Processing file systems and file IO Access on Linux is still annoying, because it is not based on Unicode. The Open () function and the layers of the file system have the default options specified by the dangerous platform. For example, if I ssh from a de_at machine to a en_us machine, Python would like to fall back to the ASCII code for file system and file operations.

I've noticed that usually the most reliable way to work with text on the Python3 is to open the file in binary mode only, and then decode it explicitly. Alternatively, you can use the Codec.open or Io.open functions on the 2.x and the open function with the encoded arguments built into Python 3.

URLs in the standard library cannot be properly represented in Unicode, which makes some URLs not handled correctly in 3.x.

Because the syntax is changed, tracing the exception generated by the object requires an auxiliary function. This is usually very rare and easy to handle. Here is one of the situations where you have changed the syntax, in which case you will have to move the code into the exec block.


 If PY2:
  exec (' def reraise (TP, value, TB): \ Raise TP, value, TB ')
 else:
  def reraise (TP, value, TB):
   Raise Value.with_traceback (TB)

If you have some code that relies on a different syntax, it is often useful to use the preceding exec technique. But now that exec has a different syntax, you can't use it to perform any of the namespace operations. The code snippet given below is not a big problem because eval, which uses compile as an embedded function, runs on two versions. Alternatively, you can start an EXEC function by using exec itself.
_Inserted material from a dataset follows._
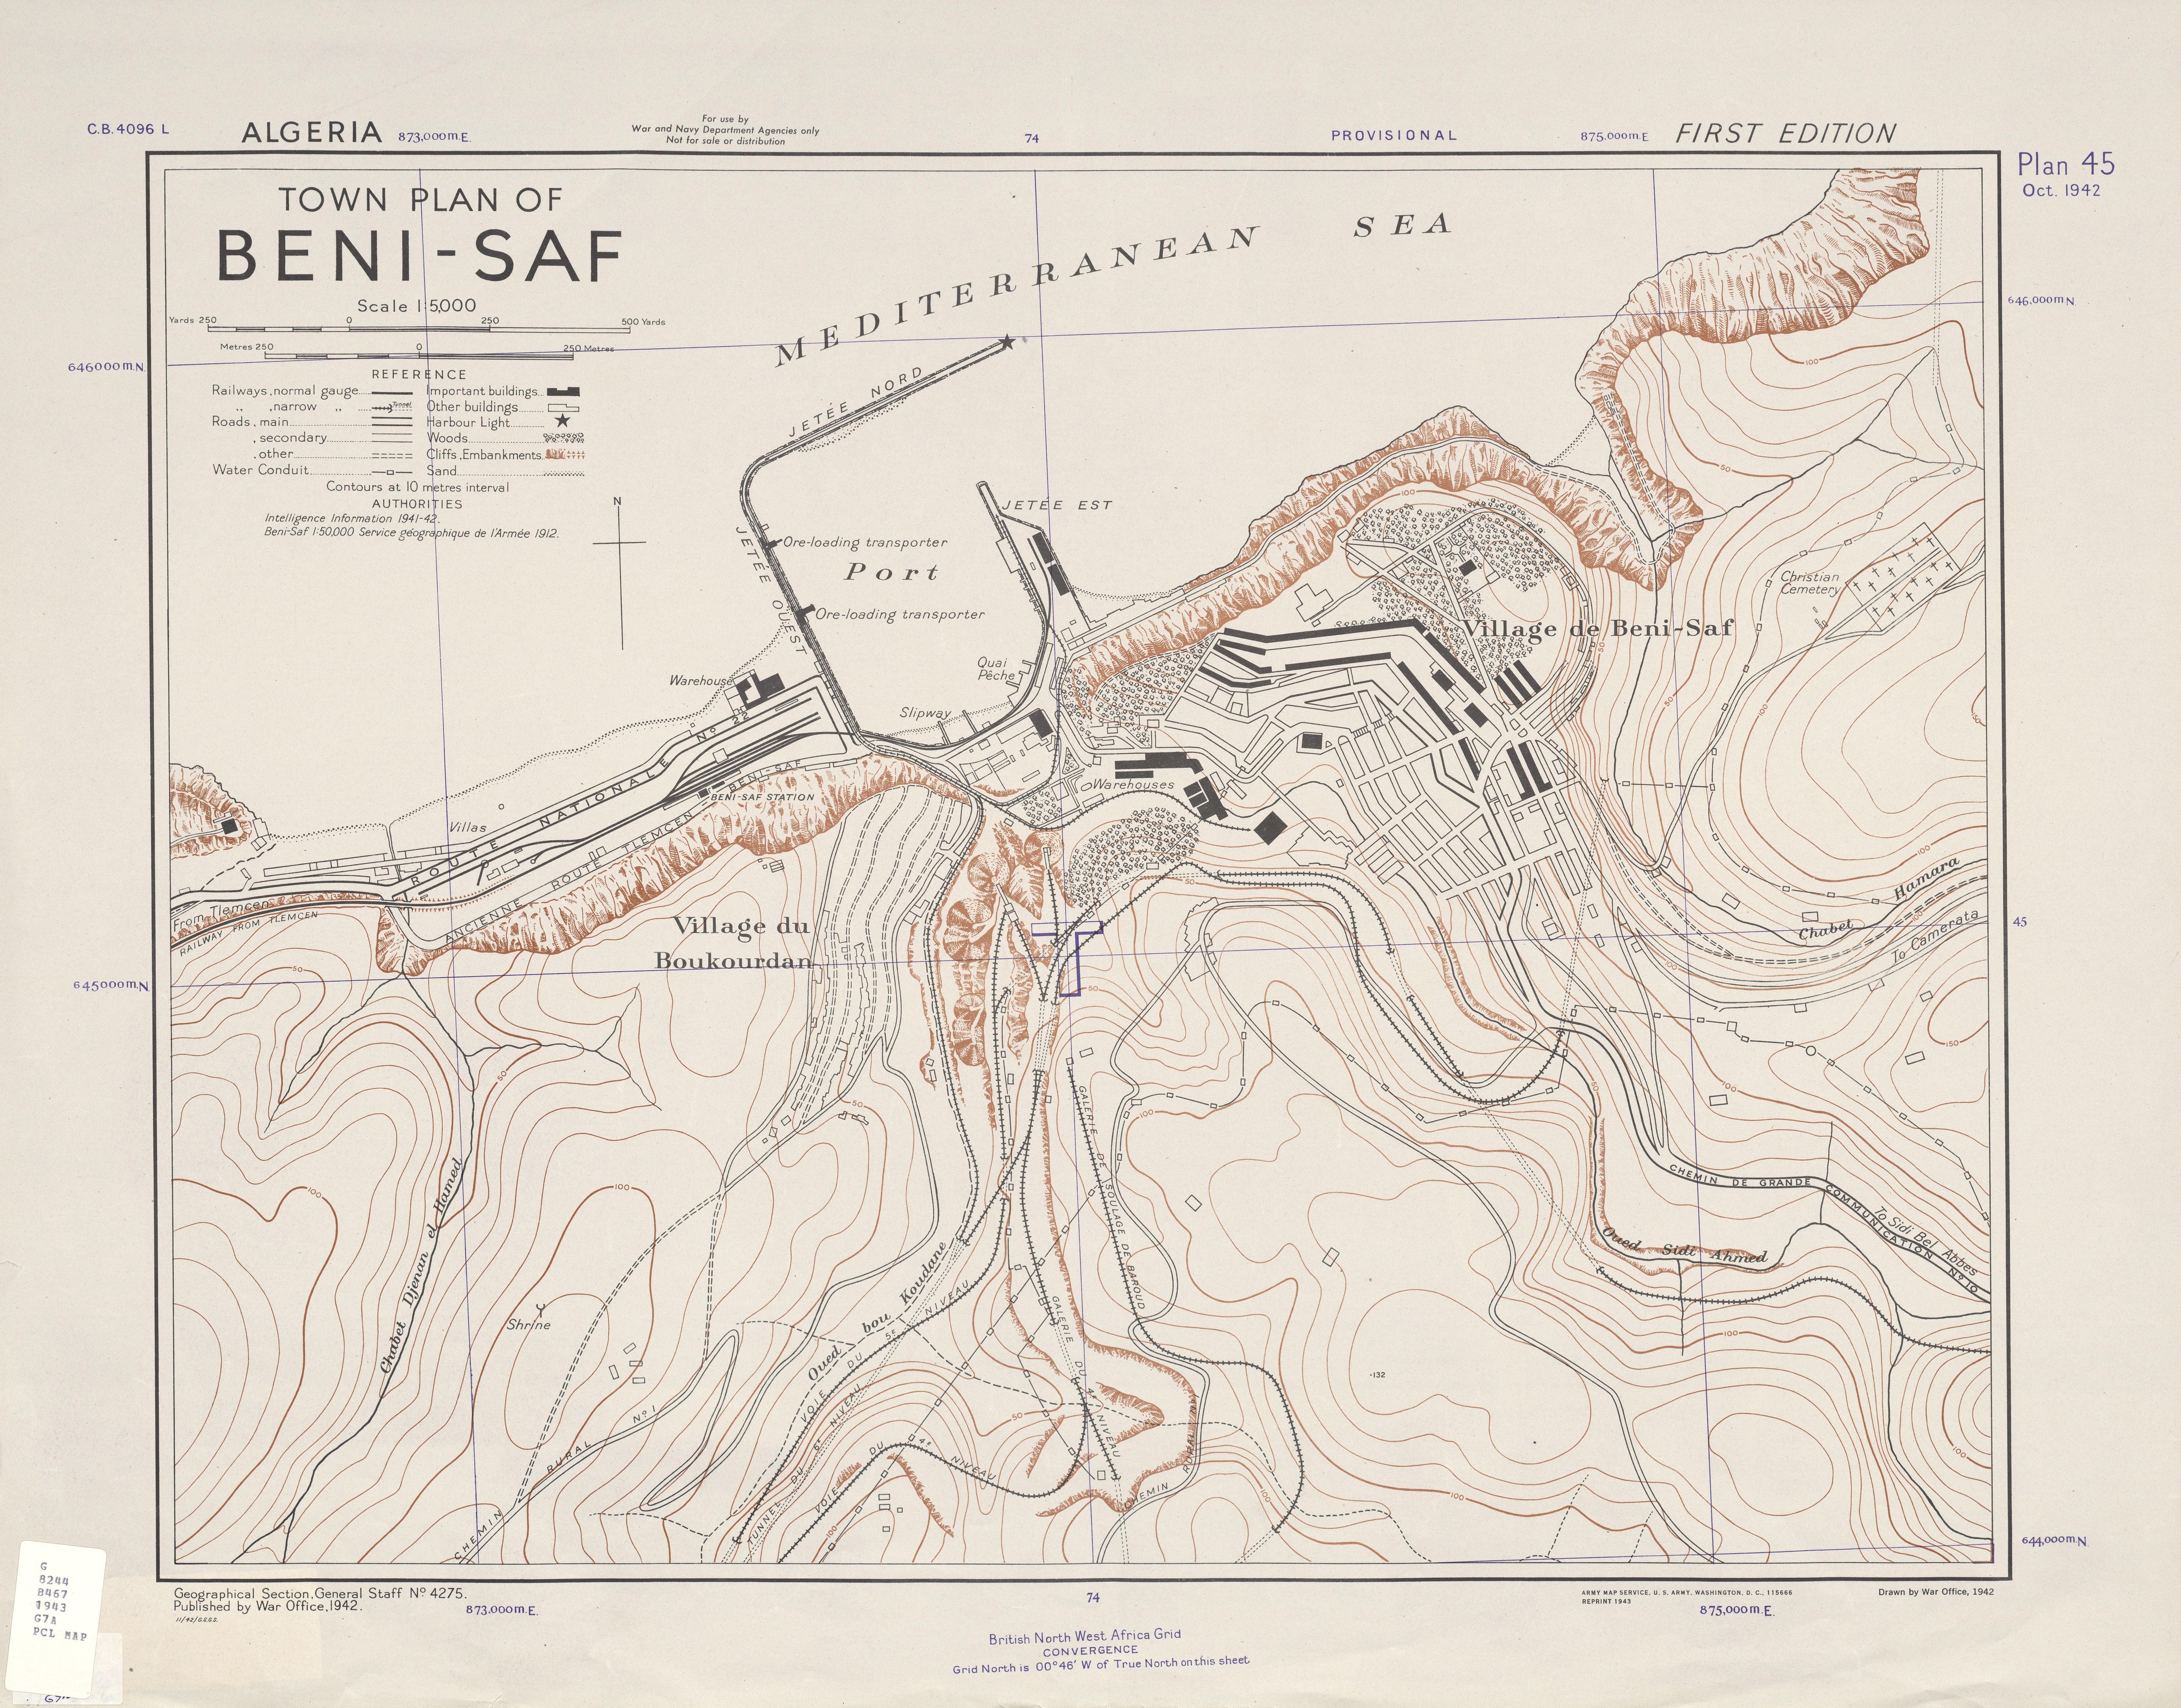 Mapa de la Ciudad de Béni Saf, Argelia 1943

Exec_ = lambda s, *a:eval (compile (S, ' <string> ', ' exec '), *a)

If you write the C module on the Python C API, commit suicide. From the moment I knew that the fairies still had no tools to handle the problem, and many things had changed. Take this opportunity to discard the method you used to construct the module, and then rewrite the module on Cffi or cTYPES. If this method is not enough, because you are a bit stubborn, then only accept such pain. Maybe trying to write something nasty on the C preprocessor can make porting easier.

Use Tox for local testing. It is very useful to be able to run your tests immediately on all Python versions, which will find many problems for you.

Prospect

The Basic code library for unified 2.x and 3.x is now indeed ready to start. A large amount of time in the migration will still be spent trying to resolve the API when attempting to solve the interaction between Unicode and other modules that may have changed its API. In any case, if you're thinking about porting the library, do not touch the version below 2.5, the 3.0-3.2 version, which will not cause too much damage to the version.

Contact Us

The content source of this page is from Internet, which doesn't represent Alibaba Cloud's opinion; products and services mentioned on that page don't have any relationship with Alibaba Cloud. If the content of the page makes you feel confusing, please write us an email, we will handle the problem within 5 days after receiving your email.

If you find any instances of plagiarism from the community, please send an email to: info-contact@alibabacloud.com and provide relevant evidence. A staff member will contact you within 5 working days.

A Free Trial That Lets You Build Big!

Start building with 50+ products and up to 12 months usage for Elastic Compute Service

  • Sales Support

    1 on 1 presale consultation

  • After-Sales Support

    24/7 Technical Support 6 Free Tickets per Quarter Faster Response

  • Alibaba Cloud offers highly flexible support services tailored to meet your exact needs.